_INSTRUCTIONS TO FOLLOW_
When you return the data, keep every line exactly as it is and leave out the pictures.

AVAILABLE DATA Block Start

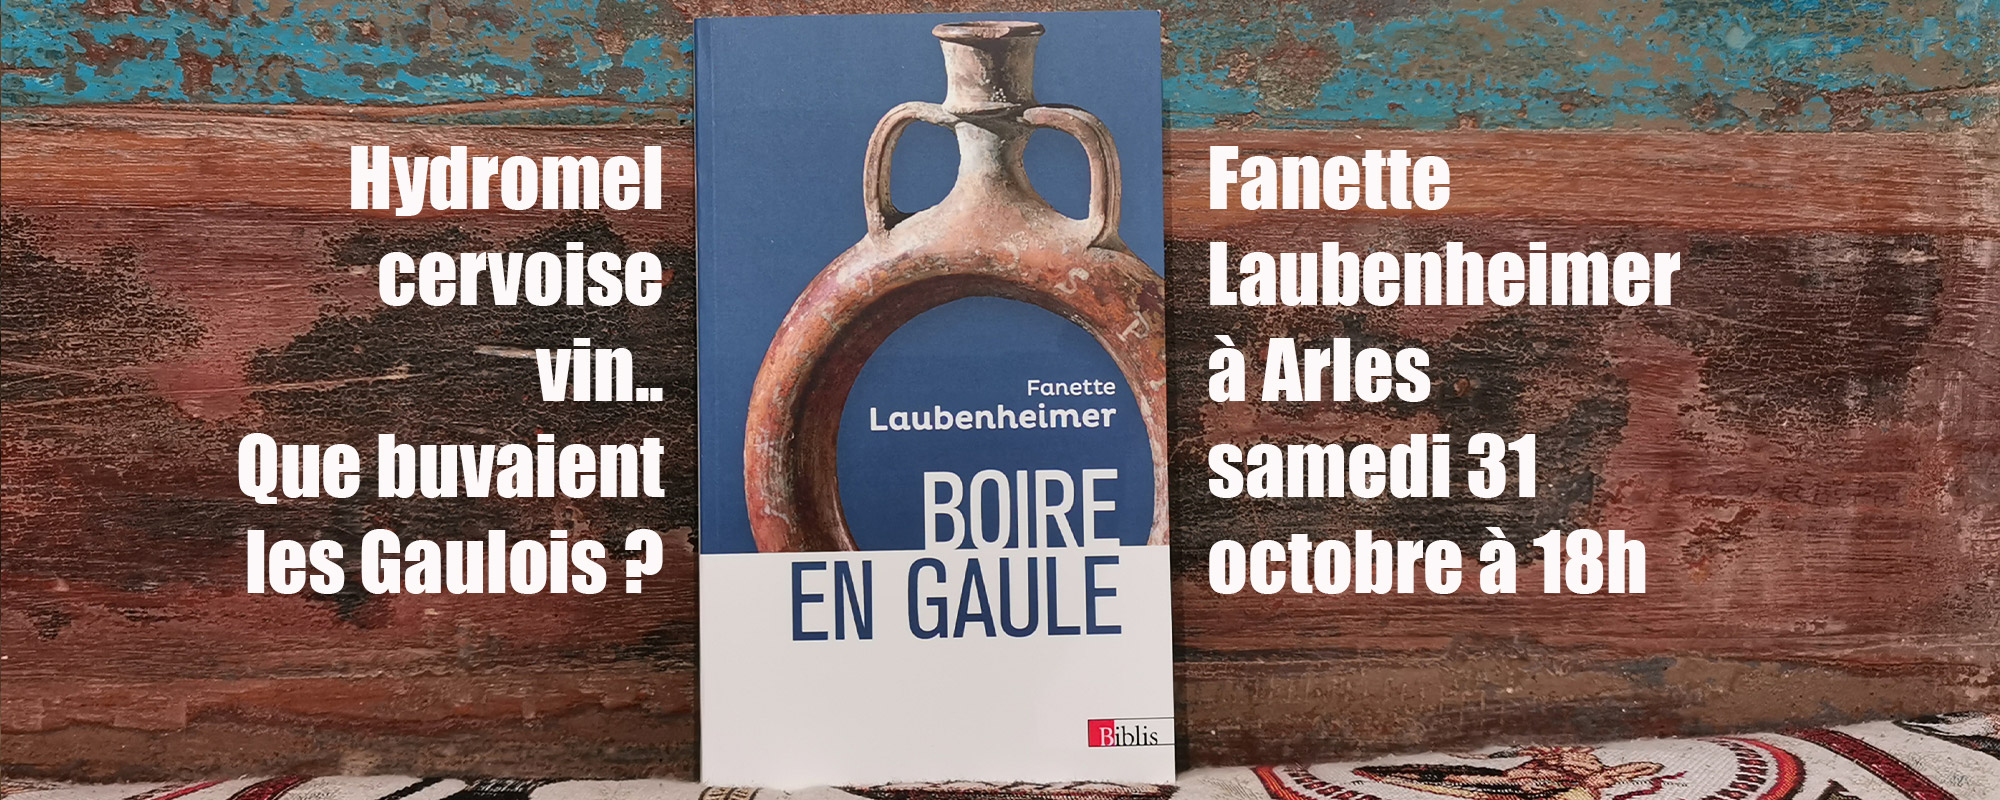 Que buvaient les Gaulois ? Fanette Laubenheimer à Arles
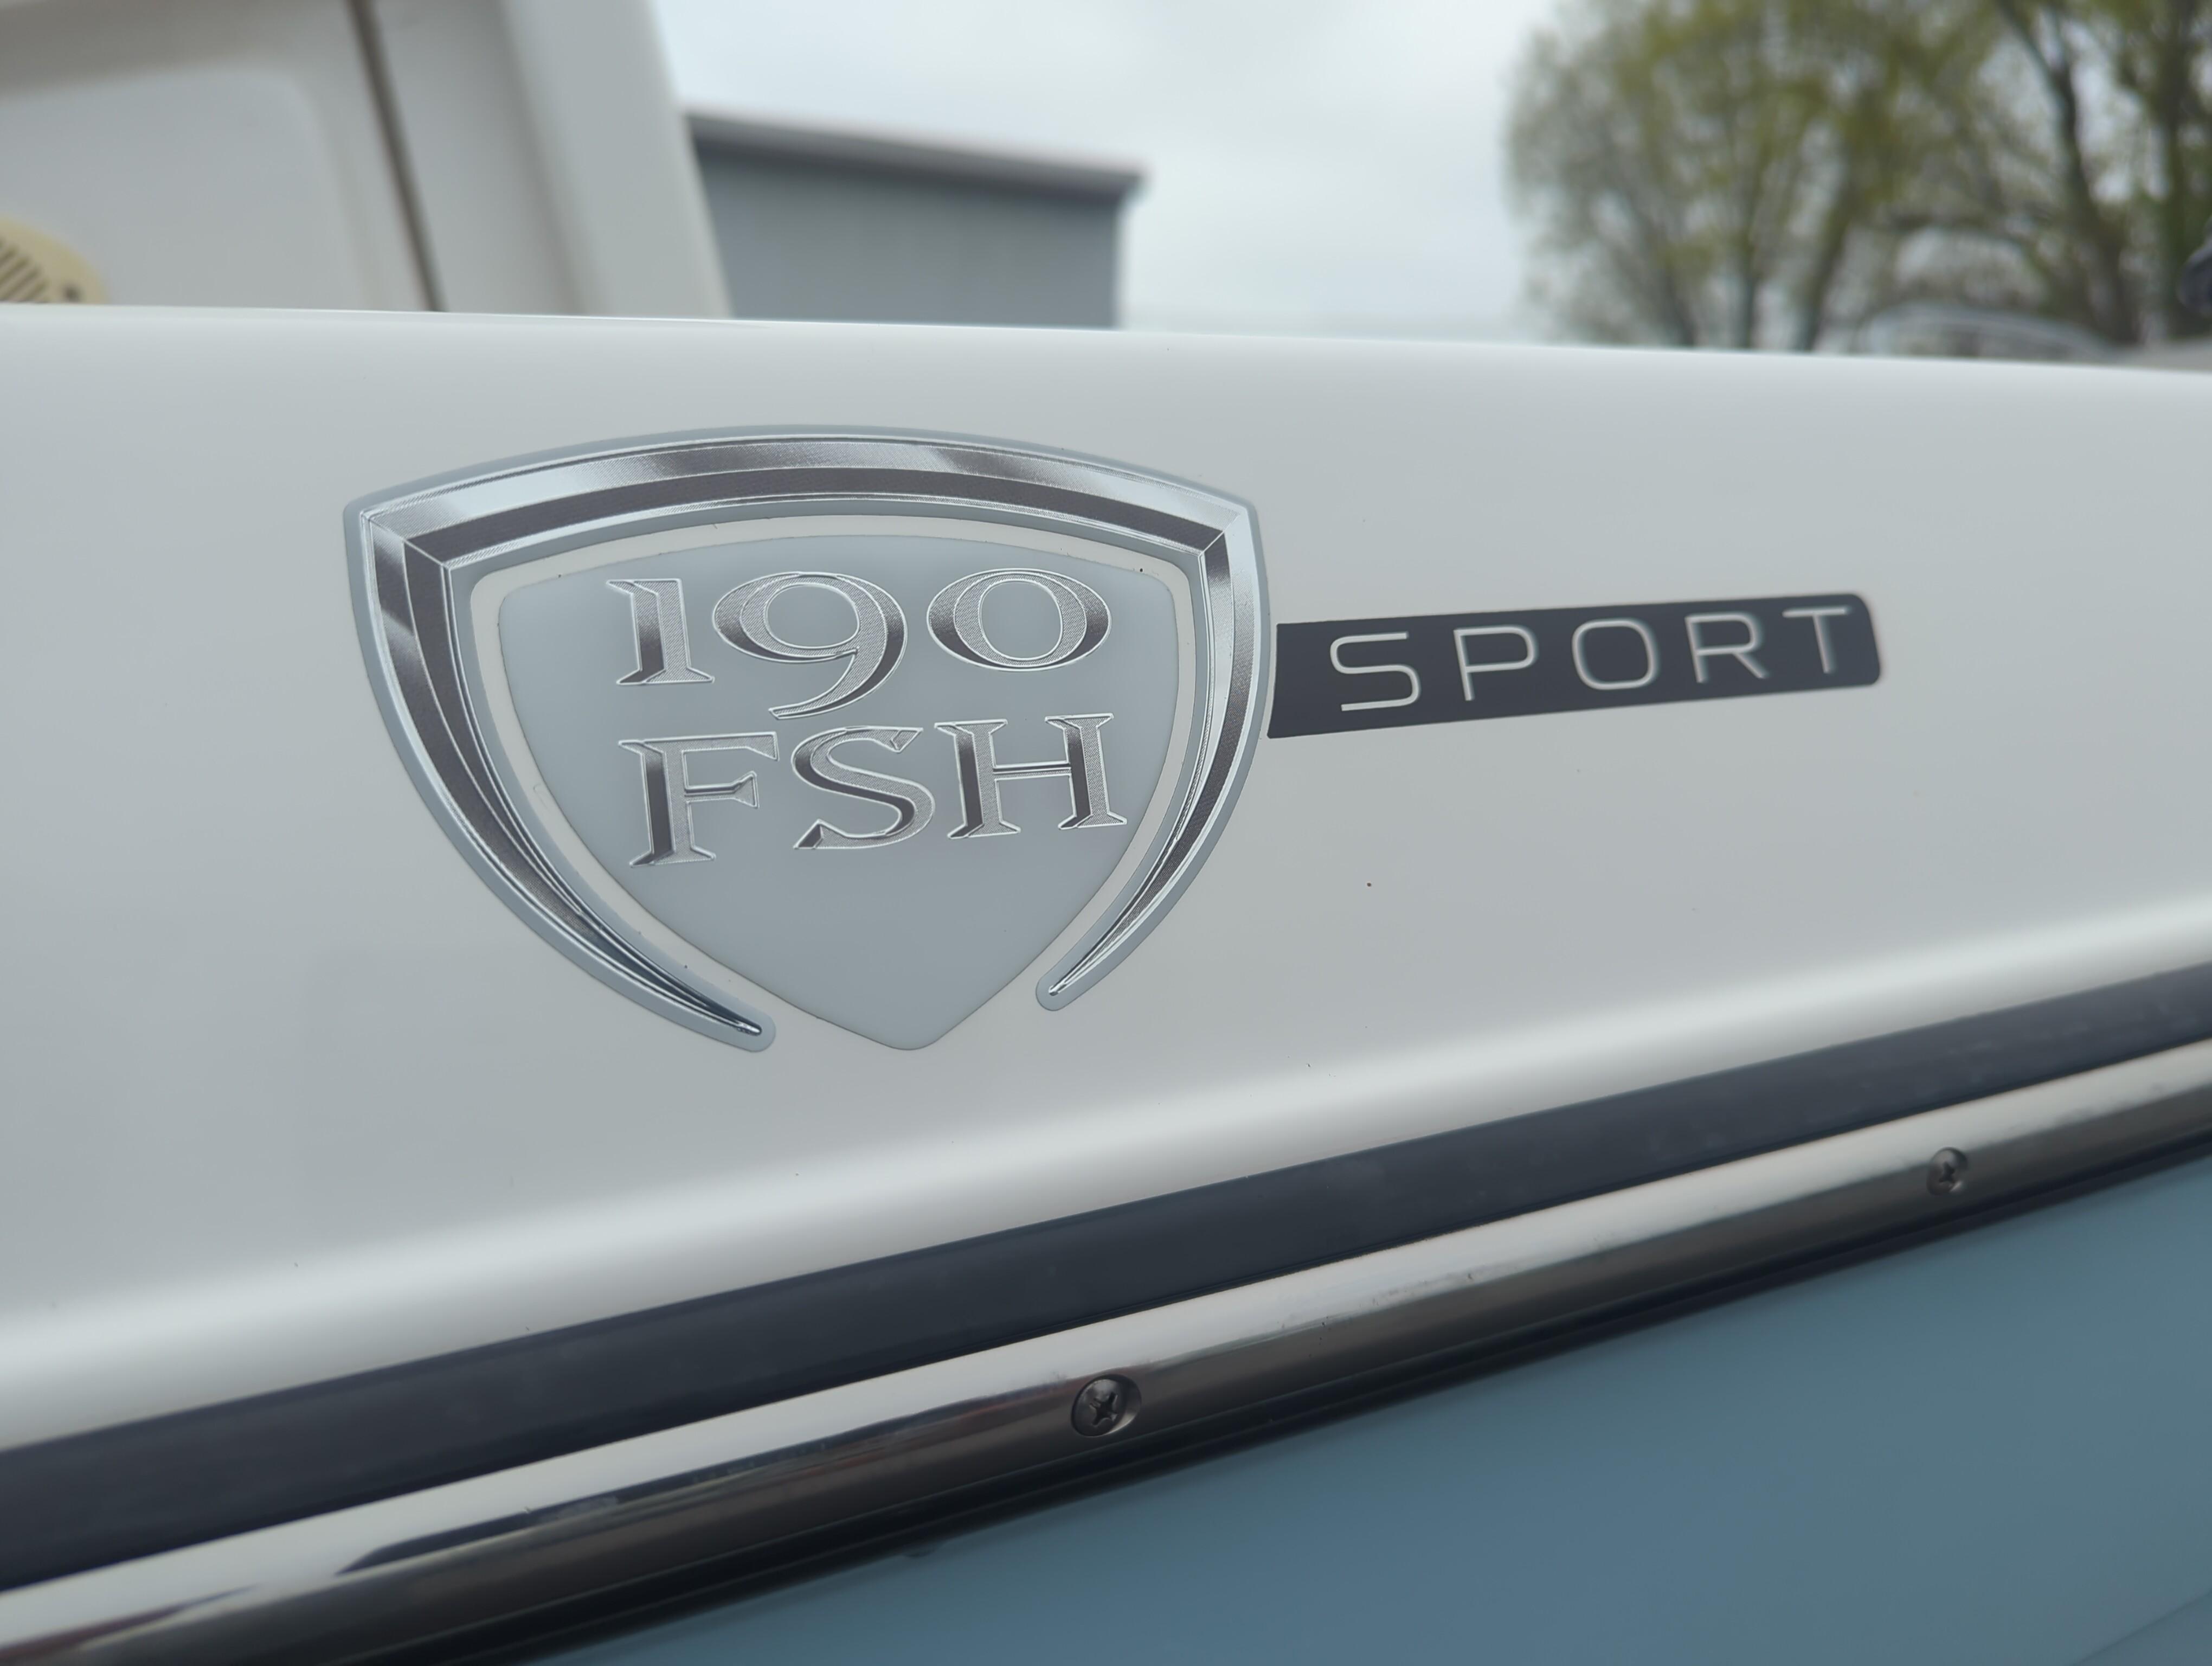 2019 Yamaha Boats 190 FSH Sport
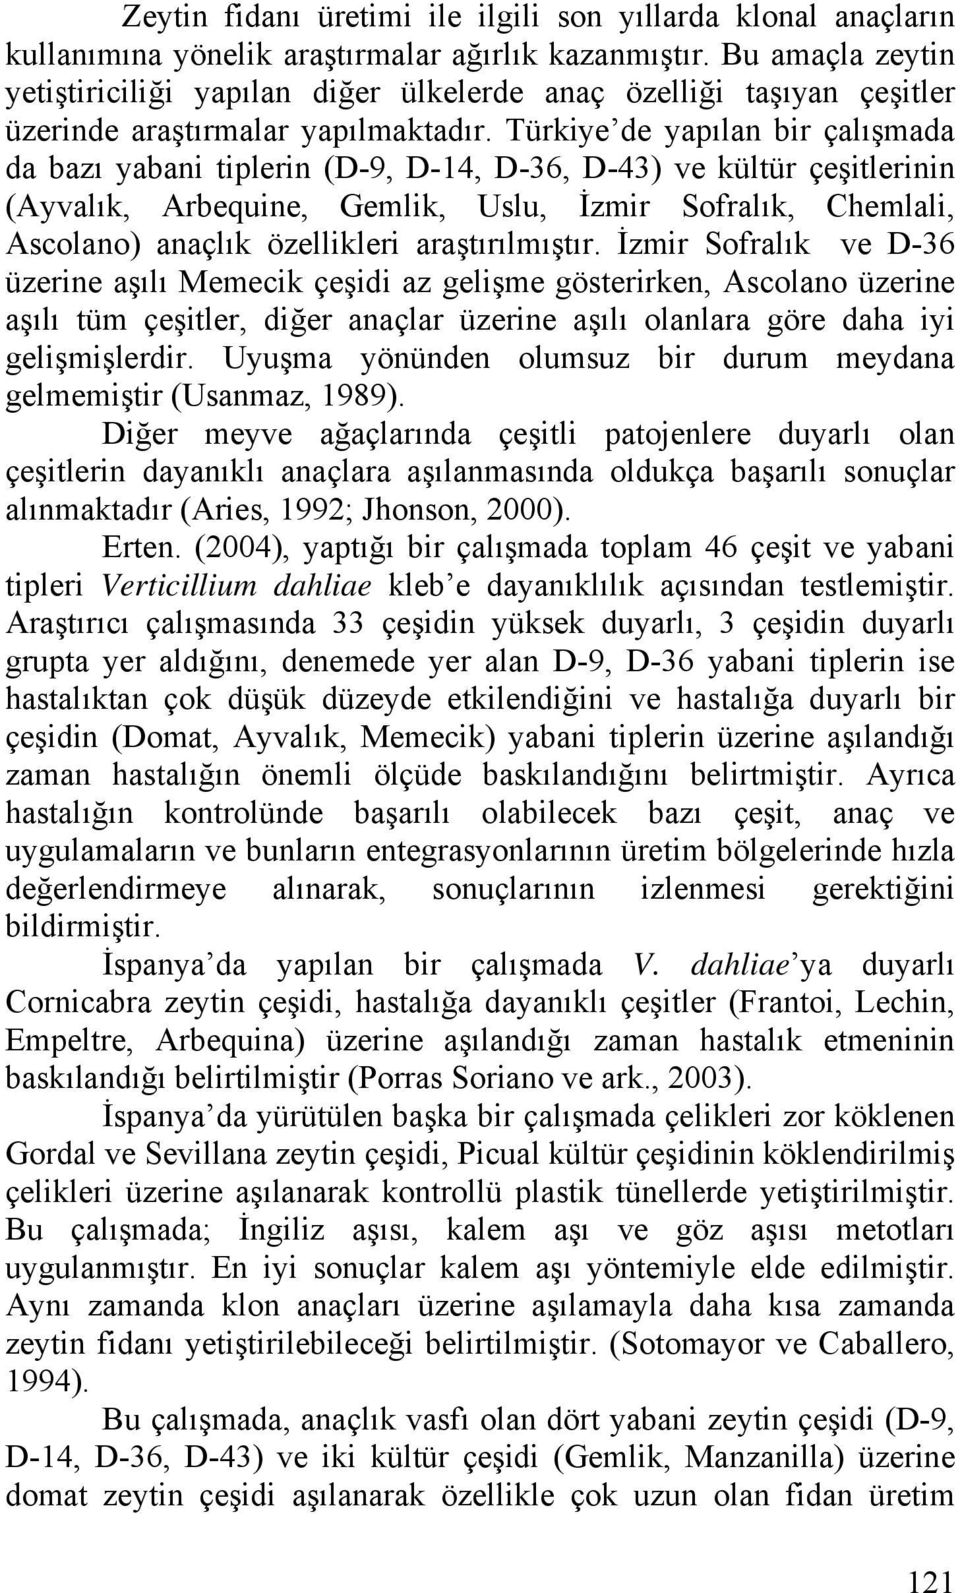 Türkiye de yapılan bir çalışmada da bazı yabani tiplerin (D-9, D-14, D-36, D-43) ve kültür çeşitlerinin (Ayvalık, Arbequine, Gemlik, Uslu, İzmir Sofralık, Chemlali, Ascolano) anaçlık özellikleri
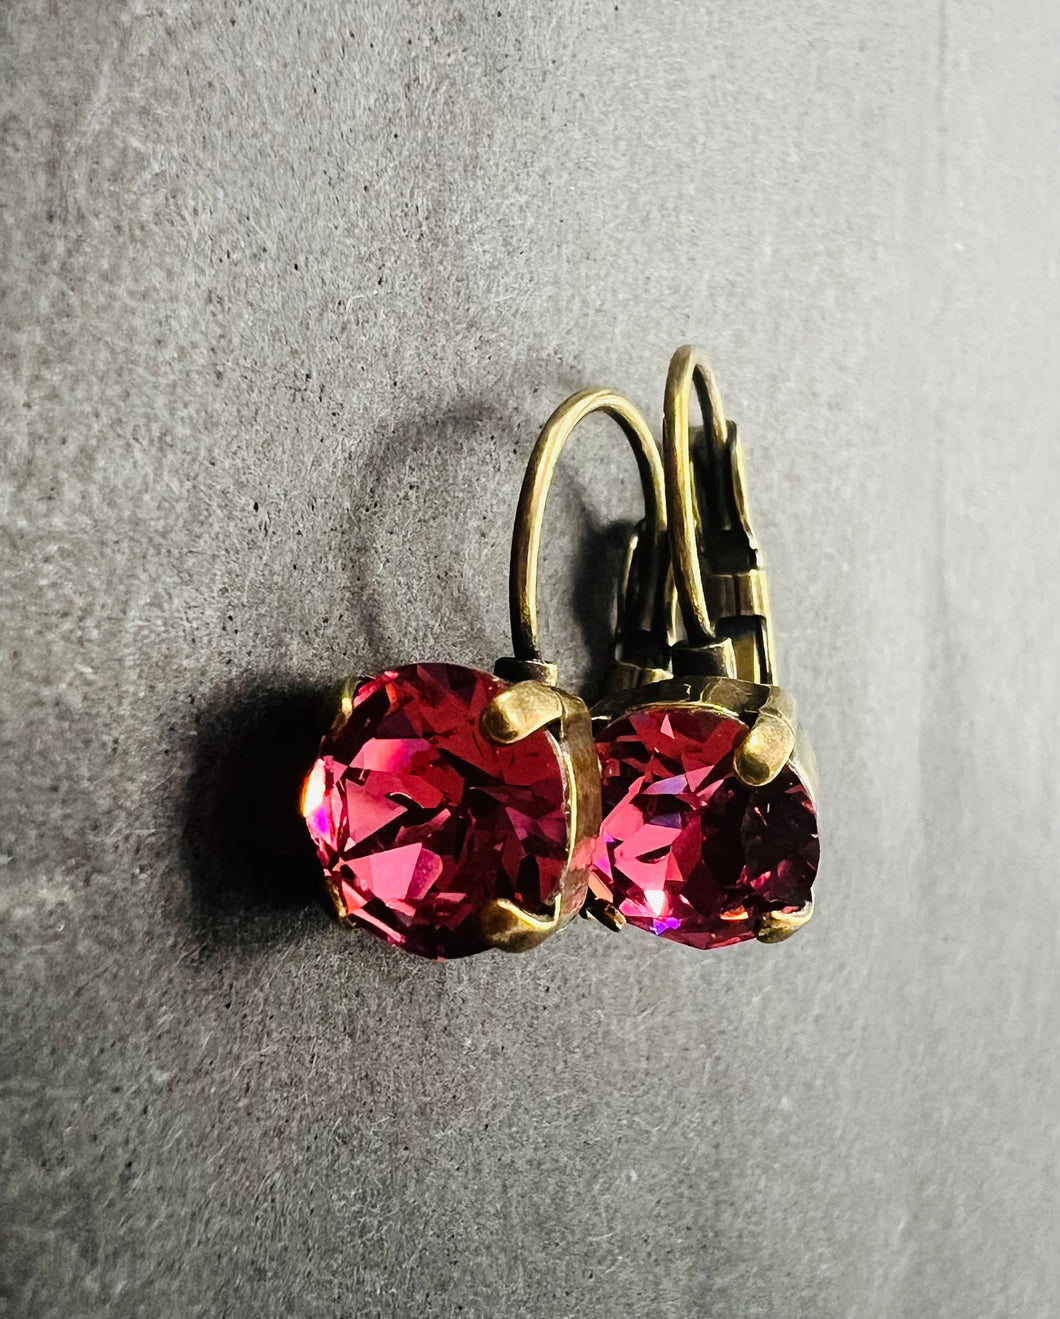 Clustlysau drop Crisial Pinc rhosyn / Rose pink Crystal drop Earrings

AVAILABLE DATA Block End

_YOUR RESPONSE_
 Que buvaient les Gaulois ? Fanette Laubenheimer à Arles
 2019 Yamaha Boats 190 FSH Sport
 Türkiye de yapılan bir çalışmada da bazı yabani tiplerin (D-9, D-14, D-36, D-43) ve kültür çeşitlerinin (Ayvalık, Arbequine, Gemlik, Uslu, İzmir Sofralık, Chemlali, Ascolano) anaçlık özellikleri
 Clustlysau drop Crisial Pinc rhosyn / Rose pink Crystal drop Earrings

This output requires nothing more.